Swiss rail industry warns against overloading the Rhine-Alpine corridor for freight transport

Swiss rail industry warns against overloading the Rhine-Alpine corridor for freight transport

Swiss railway companies are proposing four measures to help ensure capacity and stabilize operation.

A contractually agreed extension is planned for the Rhine Valley railway between Karlsruhe and Basel. The upgrade to four-track traffic, 740 metres of train length, and 2000 tonnes train weight is intended to significantly increase the line capacity and performance. However, due to the complexity of the project, completion of the work is not expected before 2040-2045. By then, workable alternative solutions must be in place to help operate the capacity-constrained railway and prevent shippers from switching to other modes of transport and supply, especially back to road transport.

The Swiss railway companies, which include VAP, BLS Cargo AG, Hupac Group, and SBB Cargo International, have presented four measures to decongest the Rhine-Alpine corridor. The main focus is on the railway line on the left bank of the Rhine via France, which is an ideal complement and alternative to the Rhine Valley railway on the right bank via Germany.

Measure No. 1 – Modernization of the north-south axis on the left bank of the Rhine

The railway companies propose an accelerated modernization of the north-south axis on the left bank of the Rhine. With relatively little funding, the additional capacity of 60 freight trains per day is considered essential for the growth of the new rail link across the Alps (NRLA) can be achieved within a few years. “The Swiss authorities should now press ahead with negotiations with neighbouring countries to achieve electrification and upgrading of the Wörth-Strasbourg line as an alternative route as soon as possible,” commented Hupac in a press release.

Measure No. 2 - Internationally coordinated train path management

The second measure discussed by the companies is that there should be internationally coordinated train path management on the left bank of the Rhine. The infrastructure managers involved in Germany, France, and Switzerland should draw up a common catalog of through train routes so that as many freight trains as possible can pass through this bottleneck in a stable and smooth manner". One simple solution to increase capacity could be to lift restrictions on night rail traffic. Other temporary solutions could be to simplify German-French communication by using language applications or bilingual staff in infrastructure control centers.

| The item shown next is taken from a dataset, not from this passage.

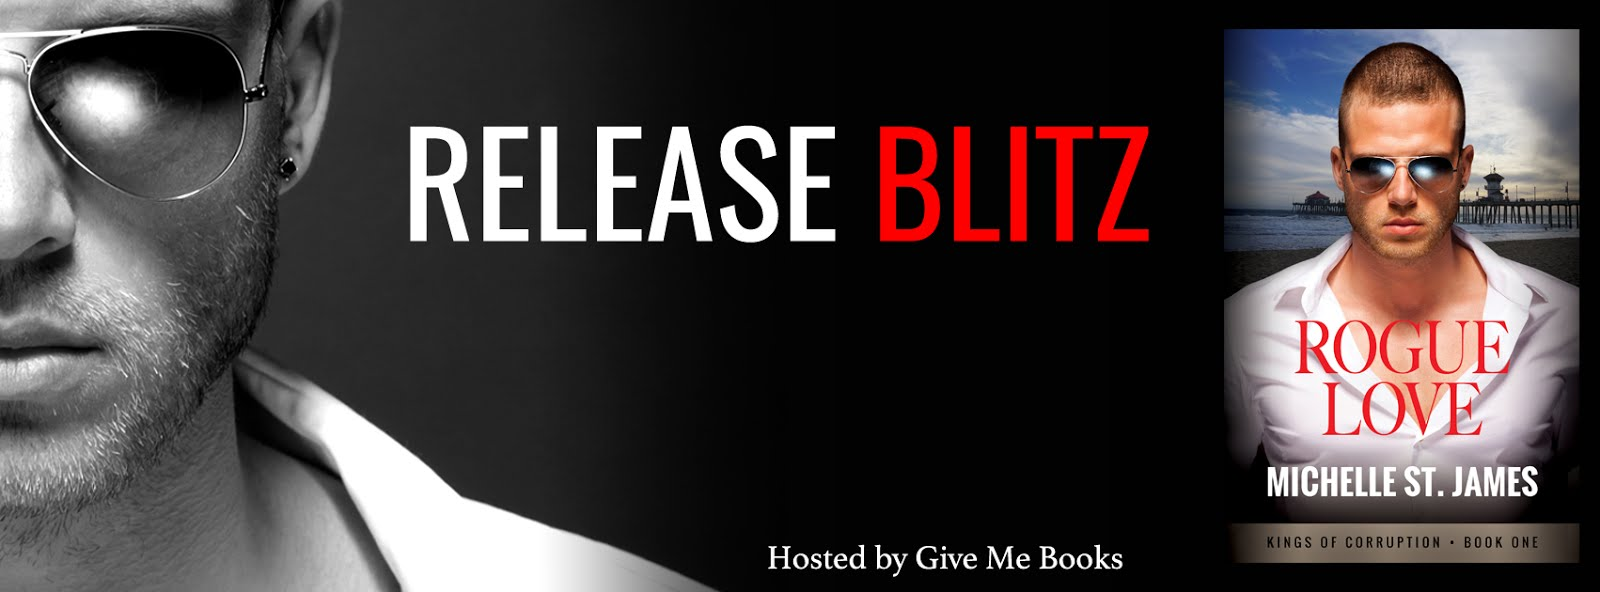 Rogue Love Release Blitz

Measure No. 3 - Rail freight traffic to operate without interruptions on the main routes

Under the third measure, rail freight traffic shall be operated without interruption on the main international routes. It is necessary to ensure that there are no open construction sites, that the facilities are trouble-free, and that the necessary f equipment (overhead line, train length, storage areas, etc.) is available for all trains using the alternate routes.

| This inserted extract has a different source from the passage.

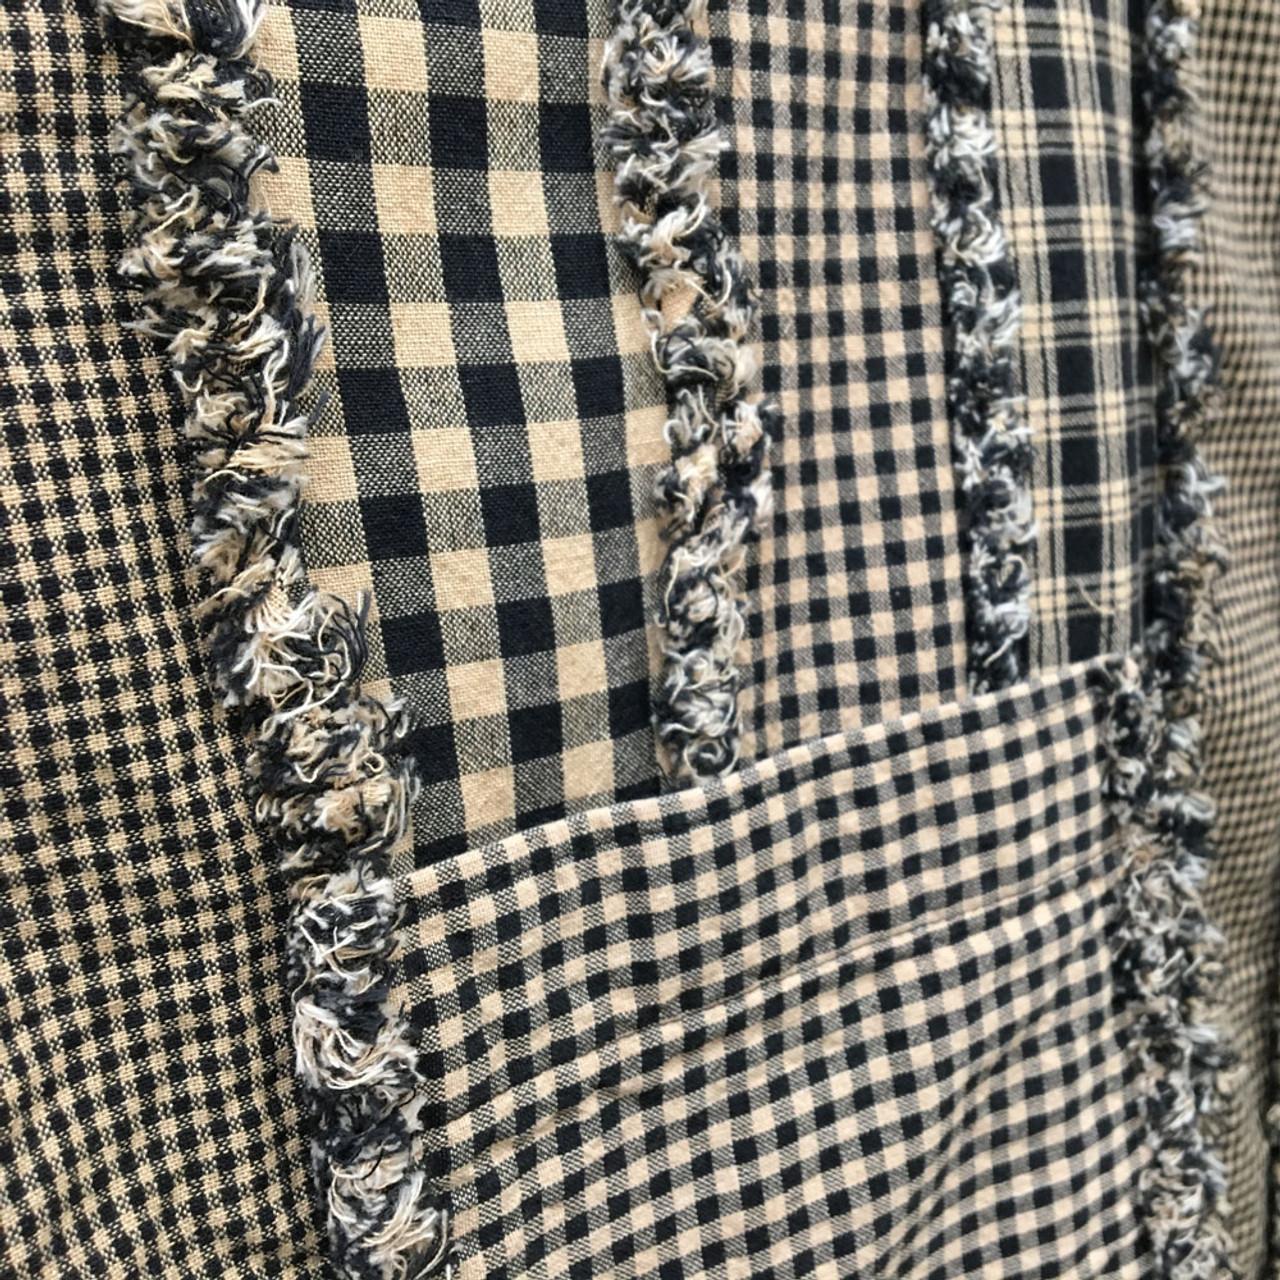 Ragged Stripe Apron Pattern - Digital

Measure No. 3 - International working body of the infrastructure managers

The fourth and last measure relies on international cooperation between the infrastructure managers involved with the corridor. “We propose the establishment of an international working body of the infrastructure managers of the corridor with the involvement of the transport ministries. The aim is an active coordination of the requirements of the infrastructure extension on the one hand and a marketable transport offer on the other. As a central transit country in the Rhine-Alpine corridor, Switzerland is predestined to play a driving role in the implementation of the aforementioned measures,” added Hupac.